文也からの連絡を待っていたのかもしれない。あの話は嘘だと。そんなわけがないと、言い訳して欲しかった。

 だが、文也からの連絡はなかった。電話も、メッセージも。ぶつんと途切れたようになくなった。

 その翌日、気分が乗らないまま出社すると、先に来ていた胡桃坂が心配げな顔で尋ねたきた。

「杉野さん、大丈夫ですか? 無理せずに休んだ方がいいですよ」

「大丈夫。昨日は突然帰ったりしてごめんね。今日はちゃんと仕事するから」

 美帆は本当は怖かった。

 青葉はああ言っていたが、本当に自分のIDが盗まれていたのなら疑われるのは自分だ。もう仕事を任せてもらえないかもしれない。クビにされるかもしれないという不安があった。

 だが、その不安はメールボックスを開くと消えた。

「サーバーの不具合について」というタイトルで、先日の一件のことが知らされていた。正式な社内文書だ。全社員に回っているようだ。

 文章の中には、会社のサーバーが不正なアクセスによってダウンしていたこと、情報が抜き取られた可能性があること、そして社員のIDが《《複数》》盗まれていたことが書かれていた。

 美帆はすぐに自分のことだと分かった。

 だが、それに対して誰を処罰するなどのことは一言も書かれていない。津川フロンティアに対する対応についてもだ。

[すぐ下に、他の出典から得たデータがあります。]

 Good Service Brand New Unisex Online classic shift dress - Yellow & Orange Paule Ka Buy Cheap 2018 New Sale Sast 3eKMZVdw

 その後、セキュリティ強化のため社員全員のIDとパスワードを書き換える指示が書いてある。

 ────一体どういうこと? どうして社長は何も書いていないの?

 全員分の書き換えを行うのは言われのない誹謗中傷を避けるためなのだろう。それとも本当に複数のIDが盗まれていたのだろうか。

 胡桃坂がやけに心配していたのはこれを見たからなのかもしれない。同じ部署内だ。社長から何か聞いているのだろう。

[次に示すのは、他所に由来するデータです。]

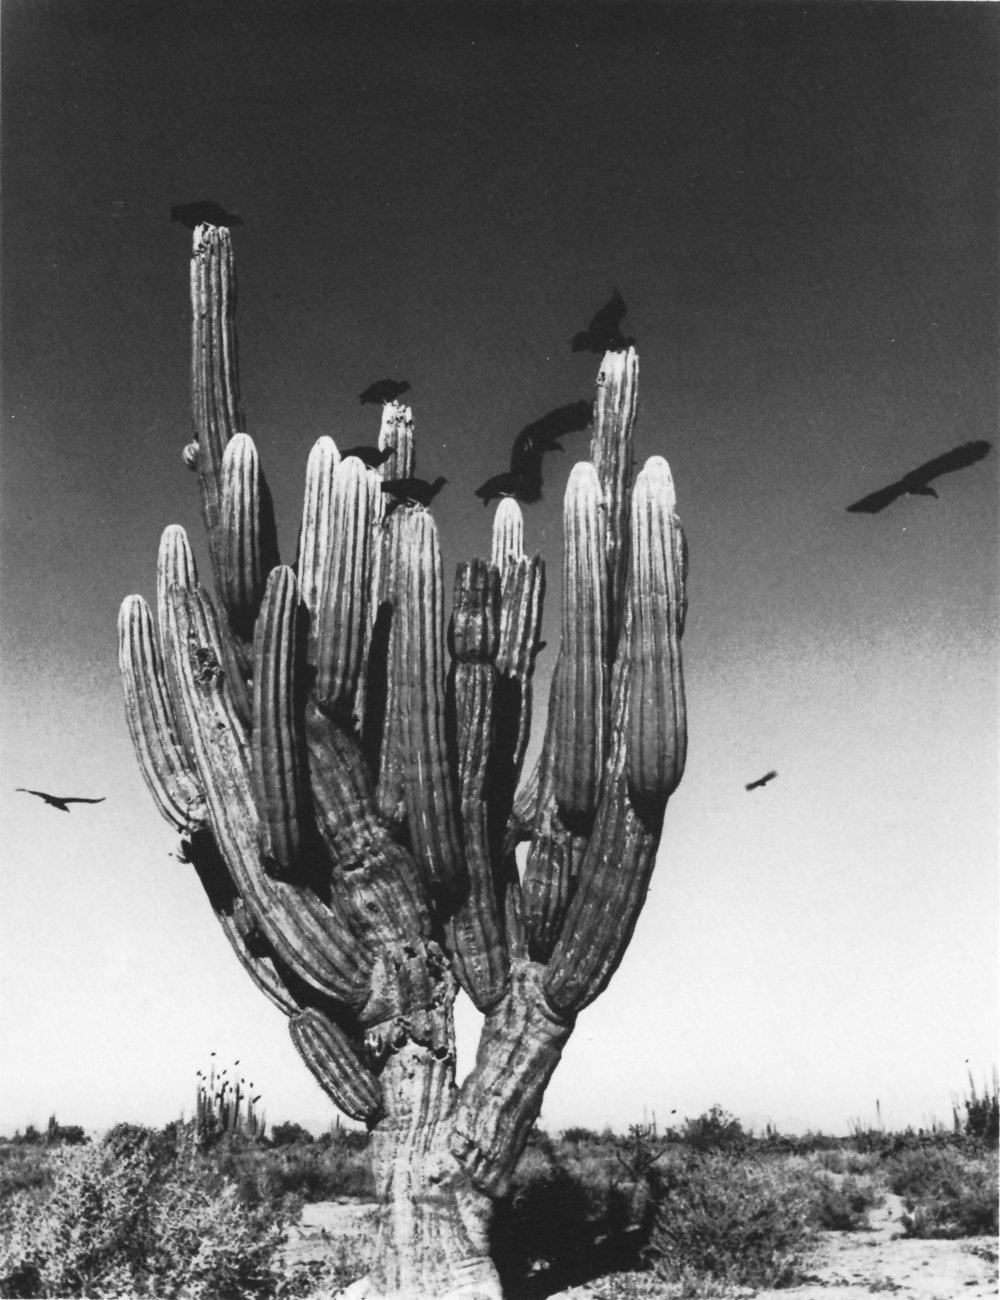 Graciela Iturbide    Sahuaro , Desierto de Sonora, Mexico, 1979  20 x 16 inch Silver Gelatin Print

 やがて始業して少しすると、美帆は社長室に呼ばれた。 

「少しは休めた?」

 社長は気遣わしげに椅子を進めた。美帆は大丈夫です、と言って断った。

 先日と違い、社長の表情は穏やかだ。あの一件は片付いたということだろうか。

「一昨日は嫌な聞き方をしてごめんなさい。メールは見た?」

「……はい」

「杉野さんのIDとパスワードは書き換えてあるから大丈夫よ。新しいものは総務に教えてもらってね。一応サーバーは元通りになったからもう平気だと思うわ」

「あの……社長。私は、辞めなくてもいいんでしょうか」

 不安をギュッと押し殺す。理由はどうであれ、この件で会社は被害を受けた。それに対し自分がまったくもって関係ないとは言い切れない。美帆も責任を感じていた。

 受付に戻されるか、それとも別の部署に行くか、降格させられるか、もしくは自主退職を迫られるか。昨日はそのことも考えて落ち込んでいた。

 社長は困ったように笑った。

「津川さんは、とても優しい人なのね」

「え?」

「杉野さんのことをとても大事にしてるみたい」

 突然社長がそんなことを言い始めたものだから、美帆は耳を疑った。文也はつい先日社長に無礼を働いた。そんな評価をもらえるような人間ではない。

 それに、社長は文也が自分に何を言ったか目の前で聞いていたはずだ。

「な……そんなわけありません! あの人は、私のこと────」

 騙したんですと、声には出なかった。言葉にするとまた傷付くような気がして言えなかった。

「わざわざ呼ばれてもないのに会社に来て、あなたに嫌味を言った。変ね。自分と会社が大事なら全部あなたのせいにすればいいのに、不思議じゃない?」

「それは────」

「杉野さんを騙していたことは事実かもしれないけど、私にはこう聞こえたわ。『杉野さんは悪くない。全部自分が悪い』って」

 そんな馬鹿な。文也は間違いなく自分を騙していたはずだ。滝川という人物になりすましてまで、自分に近付いた。ひどい言葉で散々傷付けた。

 彼がそんなことをするはずがない────。

 けれど、心のどこかで社長の言葉に納得している自分がいた。

 あの時は言葉のまま受け取って、表面的なことしか考えられなかったが、文也があそこまで言った理由を考えただろうか。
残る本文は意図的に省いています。